Tuesday, October 27, 2009

DISCLAIMER

Wow. I can't believe I'm writing a blog. And a blog about depression at that. My husband, who is always thinking up money making ideas for me, suggested that I start a maternal depression blog awhile ago. Whenever I thought about it, I pictured a commercial for fibromyalgia medication I saw once. It was an old woman, and she tells us that she's going to read us a page from her, and I'm not kidding here, FIBROMYALGIA JOURNAL. And then she does. And she's all, "Oh the pain, so tender to the touch, yada yada yada."* Surely a blog about depression would be just as seemingly pathetic, boring, and self-indulgent. And what would I write that anyone would want to read?

"Today I'm sad."
"Today I'm so sad I just want to lay in bed all day."
"Why is life so hard?"
"Why me?"
"I wish I didn't have to get up today."



Then I read a book called The Ghost in the House by Tracy Thompson. Tracy Thompson is a woman who suffers from severe depression. In her book, she quotes from a bunch of women who are mothers and have depression, and as I read the book, I sobbed with relief at reading my own feelings put into words by other people. So maybe this blog will do the same thing for someone else. Or maybe it'll go viral and make me a million dollars. Not that I am web-savvy enough to understand what "going viral" means, or how going viral would translate into cold, hard, US currency being transferred to my checking account.

First, I want to issue a disclaimer. I think this is necessary because I certainly don't want people to think that I think my feelings or behavior are reasonable, normal, or excusable. Here is a list of the things I know for a fact make me a very, very, very lucky woman:

1) I am happily married to a wonderful man who puts up with all of my nonsense without complaint, bathes the baby every night, and AT LEAST twice a day asks me in a sweet tone of voice what he can do to help me.

2) I have a healthy, sweet, eerily compliant eight-year-old daughter.

3) I have a healthy, funny 1-year-old who sleeps through the night, takes 2 naps a day, and plays by herself on the floor for minutes at a time.

4) I am about 2 months pregnant with my 3rd child, and I have gotten pregnant all 3 times without any medical intervention. (In fact, with the 1st and 3rd, in spite of poorly executed birth control methods.)

5) My husband has a good job that allows me to stay at home with my kids, go to the doctor when I need to, get pedicures every once in a while, and order pizza when I don't feel like cooking.

6) I have wonderful parents who live close enough to babysit my kids whenever I ask, and who are constantly doing things for me like coming over and building shelves in my utility room (my dad) and recovering my dining room chairs (my mom).

So I get it people.
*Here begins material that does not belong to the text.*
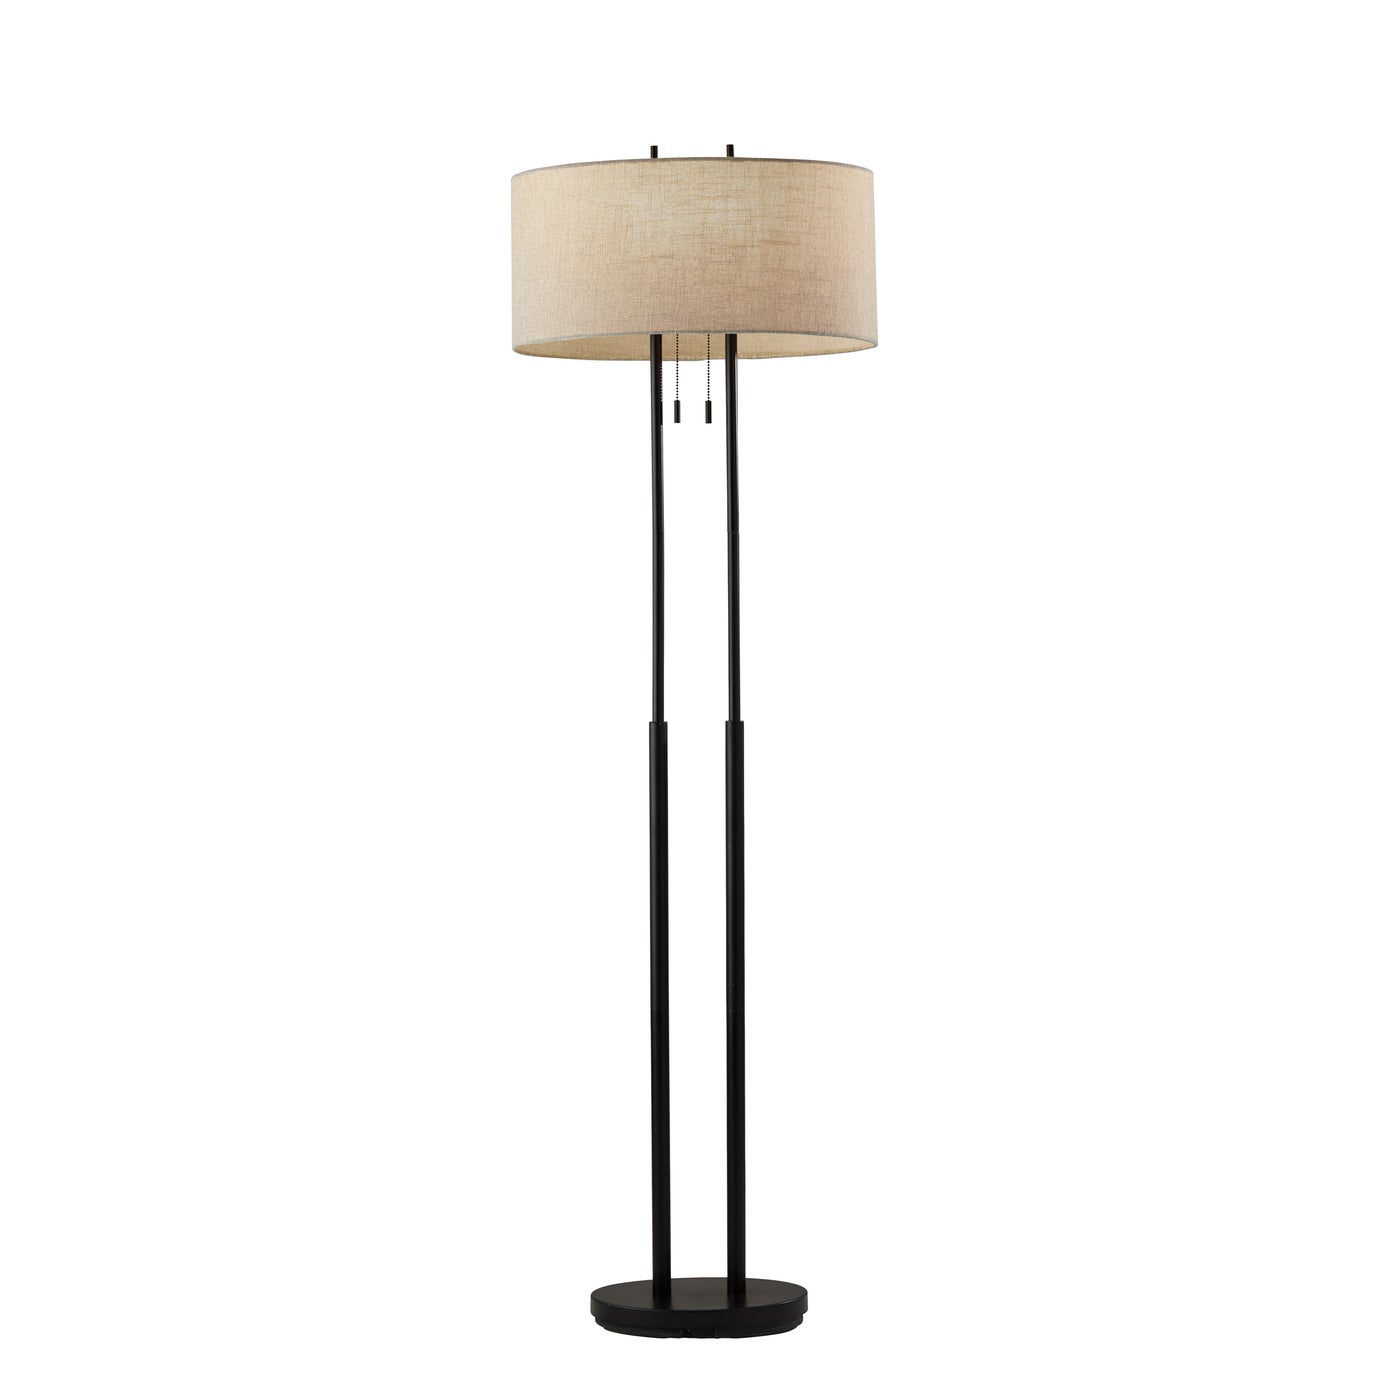 Adesso Home - 4016-26 - Two Light Floor Lamp - Duet - Antique Bronze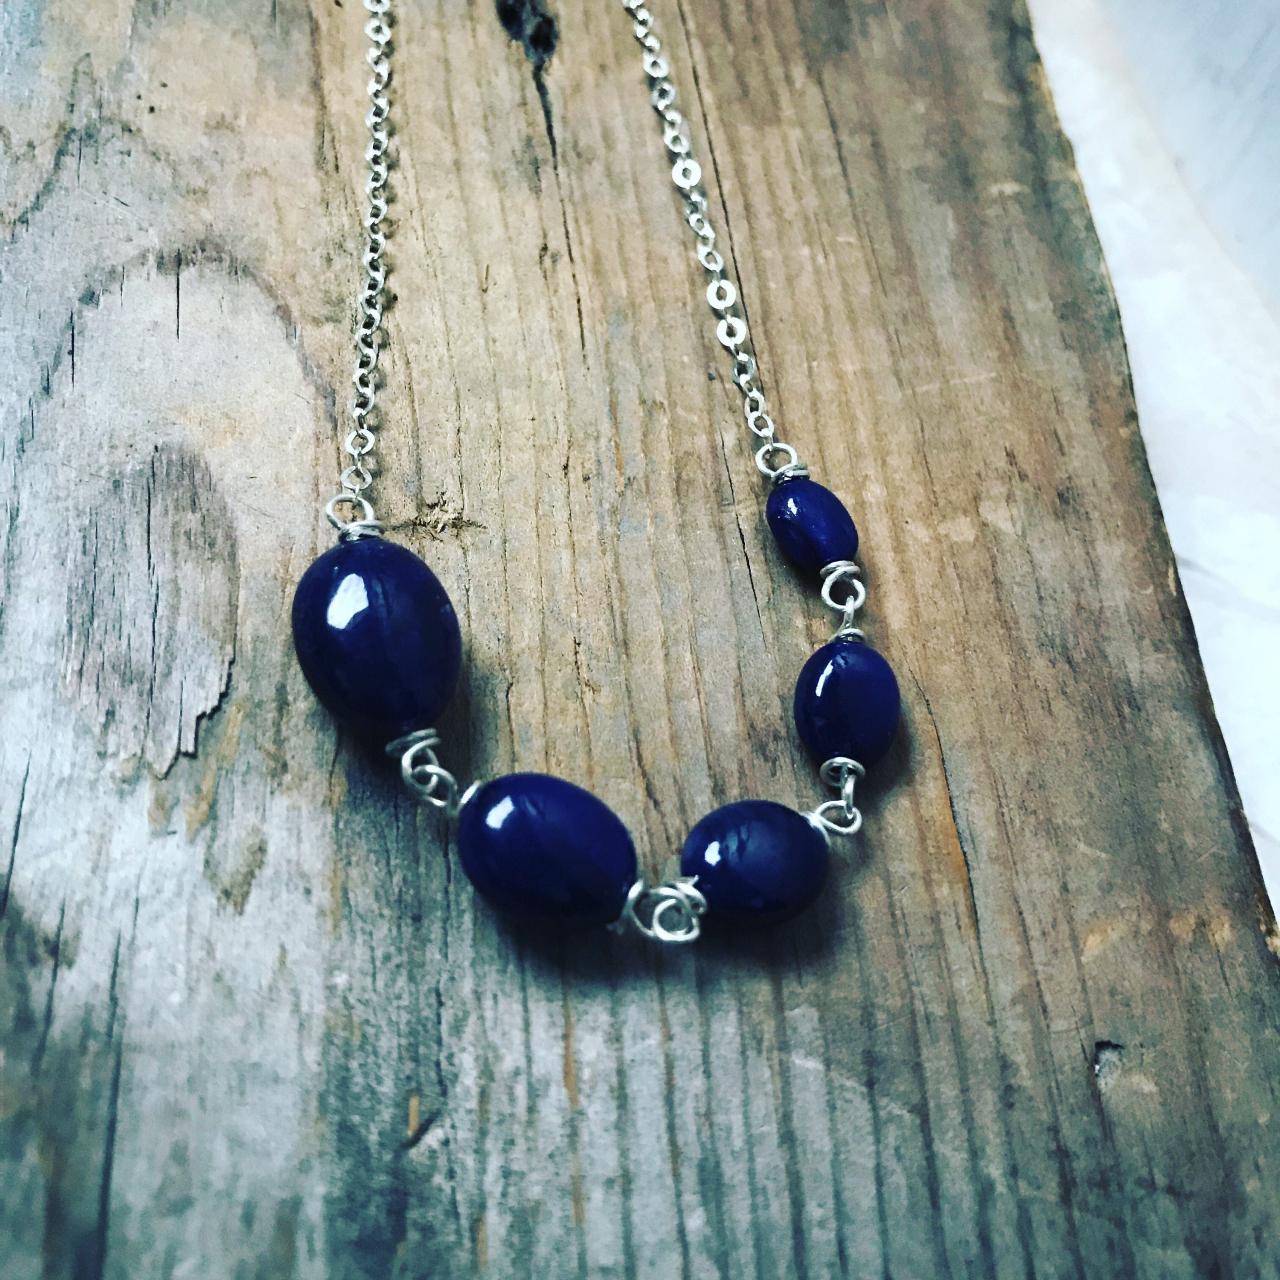 Sapphire Necklace, Sterling Silver Wire Wrapped, Dark Blue Jewelry, Gemstone September Birthstone.

I was recently flamed to a crisp on a message board for saying I was depressed, as if people think I don't get how lucky I am. Let me say one more time, loud and clear:

I GET IT.

This is why it's called crazy, people. There is no reason at all for me to be sad. I should wake up every morning with the birds chirping around my head. But I don't. I cry myself to sleep almost every night because the next day looms before me. I cringe when I hear my kids call me because I know they need something from me. I drag myself through every day counting the minutes until I can sleep again. The list goes on and on. I know it doesn't make sense, but I don't know how to fix it.

Hence the second reason for the blog. Today I called a mental health professional that was recommended to me by my midwife. This will be maybe the 5th or 6th time I have sought help from some form of mental health professional since I was about 18. Sometimes I've been on meds, sometimes it's just therapy. The end result has always been the same. I've never been sure what works and what doesn't. I'm hoping that by keeping a detailed account of my feelings I'll be able to objectively measure whether whatever I'm trying to do is working. Hope it works, and sorry in advance for all the writhing.


* For the record, I have nothing against people with fibromyalgia. I think it was mostly that the lady in this commercial really reminded me of a controlling, prissy art teacher I had in high school.